Open: daily all year round. Entry €6.50/€4.00, €9.50/€7.00 with audio guide or €9.50/€5.50 for combined castle/gardens ticket or €12.50/€8.50 for combined ticket with audio guide.

Jardins des Tuilleries. Paris, louvre.fr.When in Paris, do as Parisians do and sample the neat elegance of this green-and-gravel oasis in the middle of the bustling city - out the back door of the Louvre, above the underground and away from the madding crowd. Open: daily all year round. Entry free.

Jardins de Séricourt. 2 Rue du Bois, Séricourt, 00-33-321-036442, jardindesericourt.com. Located midway between the city of Amiens and the Belgian border, these gardens are worth a detour for some innovative ideas that manage to be attractive despite first impressions. Bomb craters and clay soldiers have never looked so green and so appealing as they are in this series of gardens that mixes the geometric with the unexpected.

Open:daily from May to October, with limited opening hours outside of the main season.
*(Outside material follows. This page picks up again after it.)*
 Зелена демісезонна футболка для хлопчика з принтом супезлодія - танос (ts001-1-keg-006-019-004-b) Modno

Entry €9.50/€7.50.

Les Jardins Agapanthe. 1 impasse Agapanthe, Grigneuseville, 00-33-608-622458, jardins-agapanthe.fr.The brainchild of garden designer Alexandre Thomas, these gardens situated midway between Dieppe and Rouen are designed to enchant and delight and give the impression that, although they're around for only 20 years or so, they look like they've been there forever.
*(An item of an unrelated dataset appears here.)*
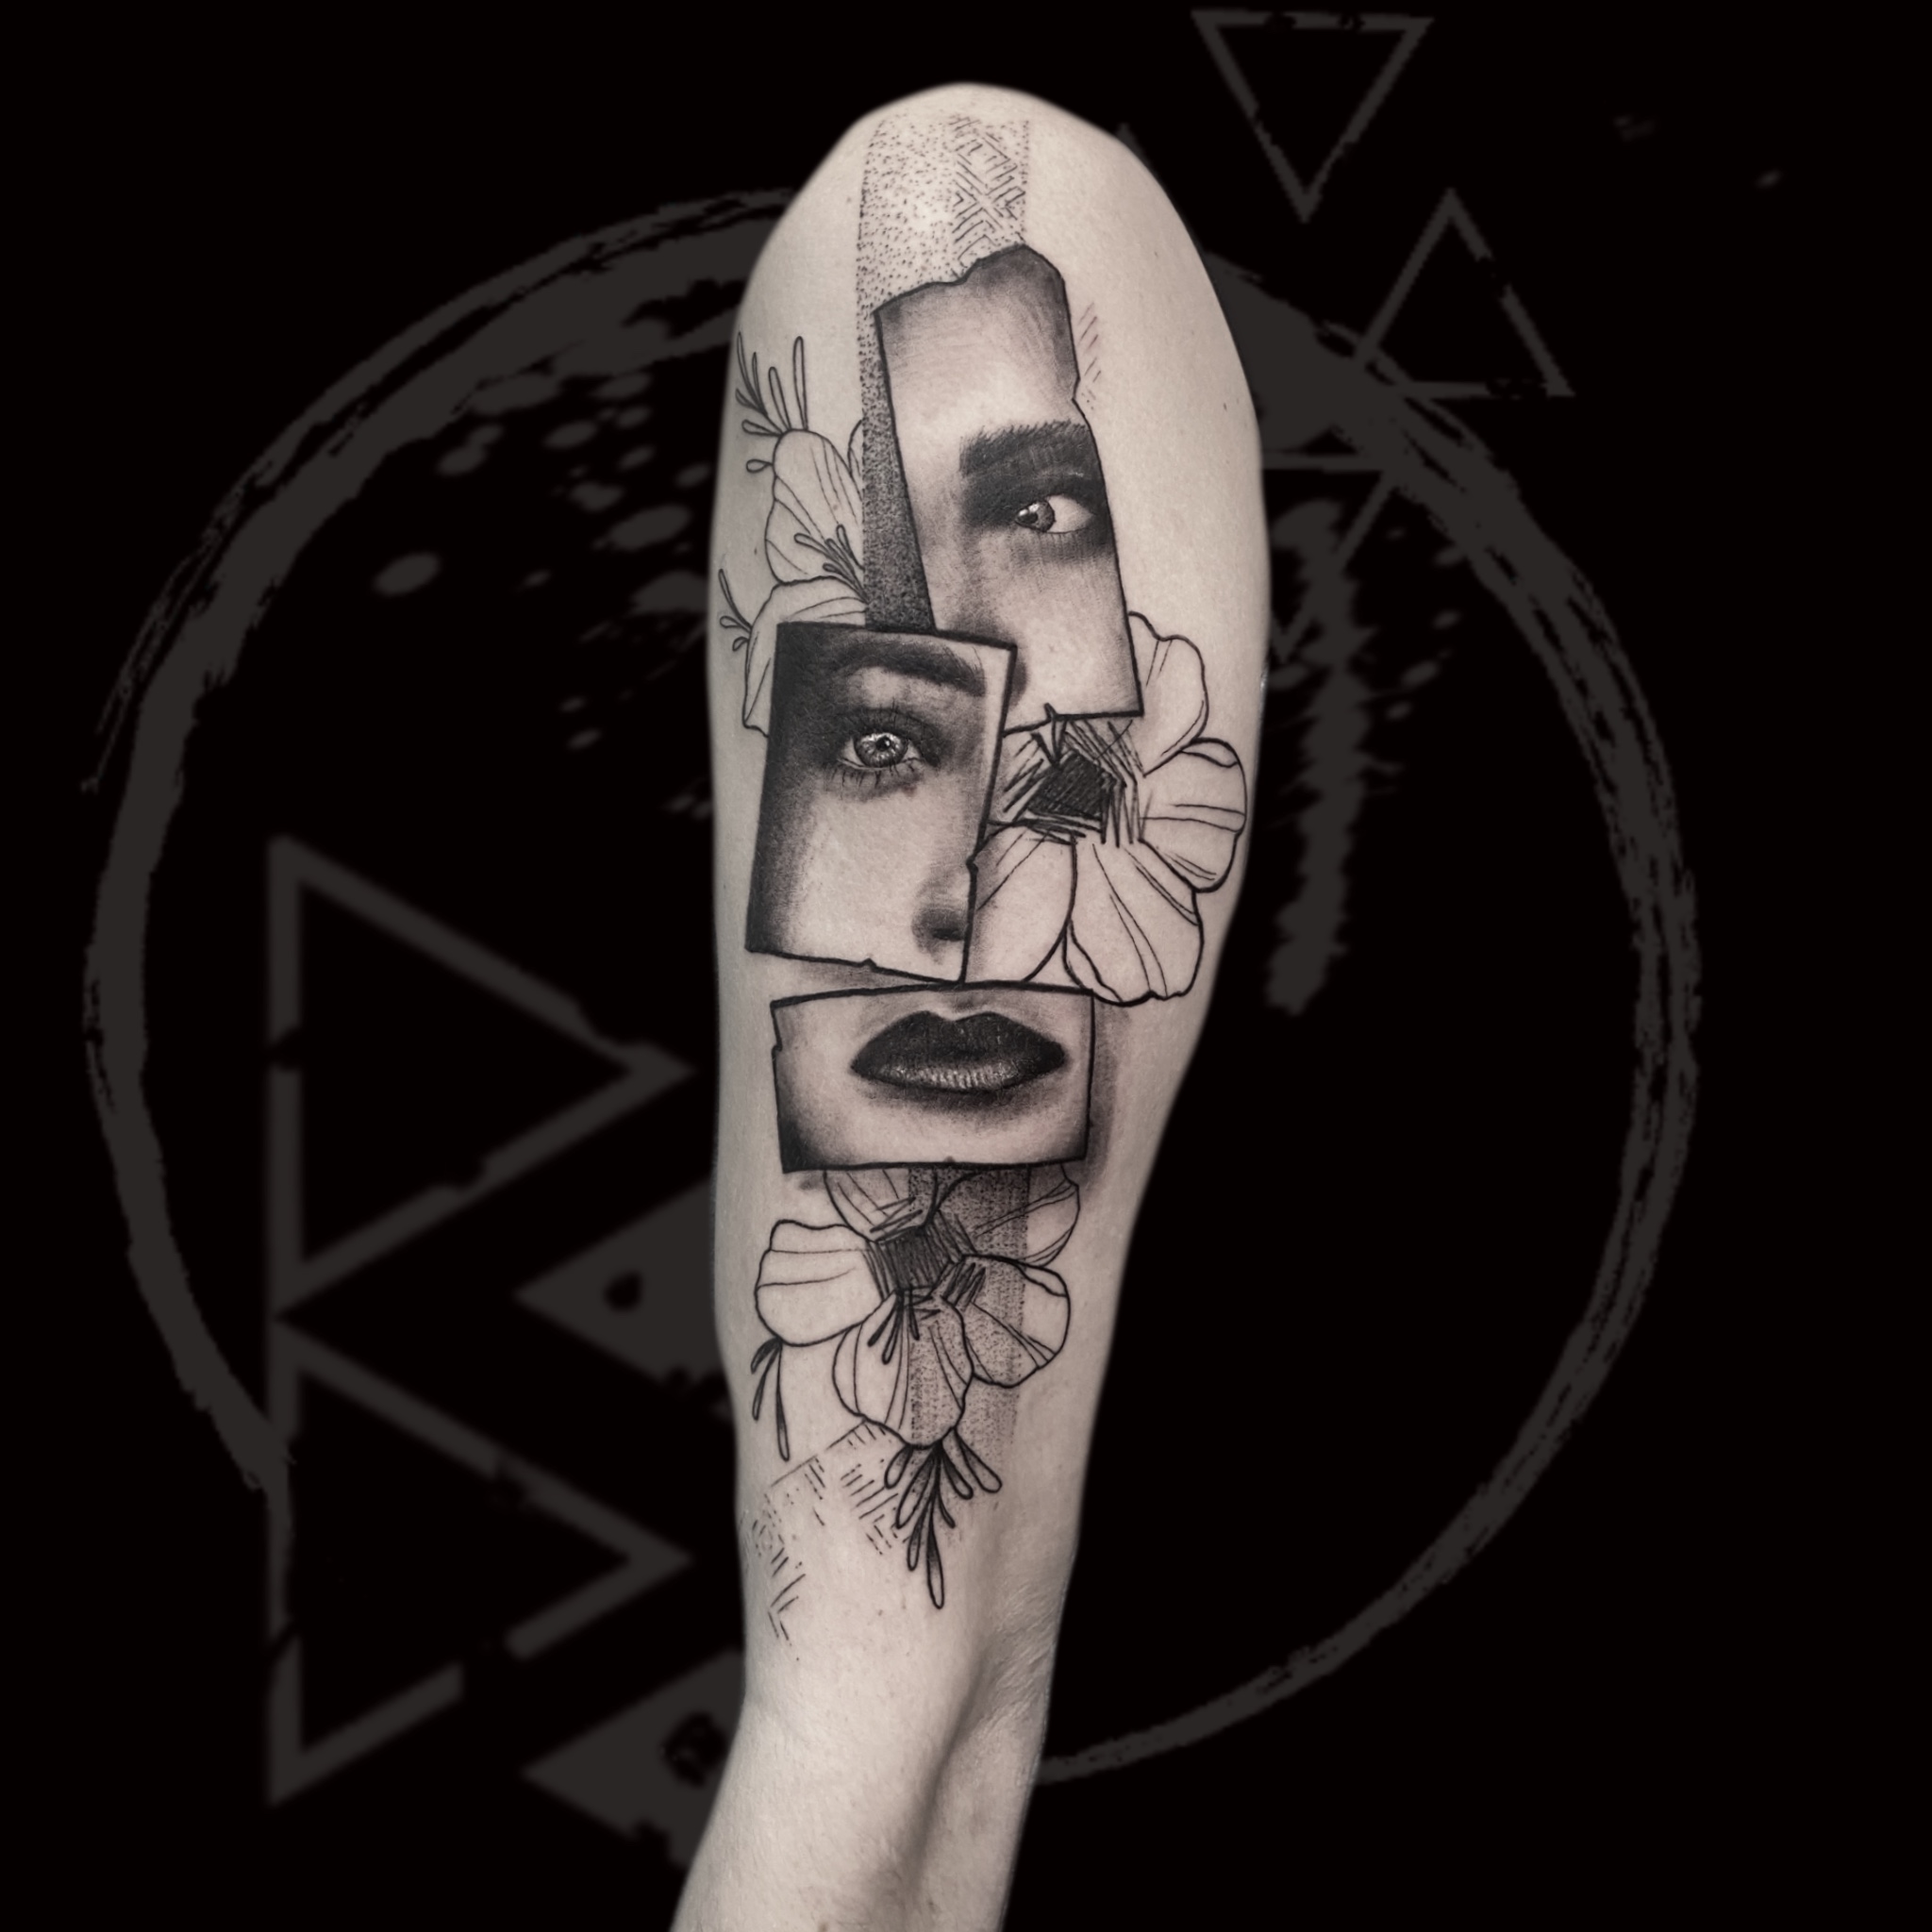 Modern Realism Tattoo, Black And Grey Tattoo, Contemporary Tattoo, Amsterdam Tattoo, Portrait Tattoo

Open: daily from May to September inclusive, weekends only in April and October. Entry €10/€5.

Les Jardins du Manoir d'Eyrignac. Salignac, 00-33-553-289971, eyrignac.com.Open daily all year round. One of the great big house gardens in the sunny south-west of France, this formal French garden combines all the elements of the French formal garden in imaginative and startling shapes.

Open: daily all year round. Entry €10.50/€4.50, with reductions during winter months.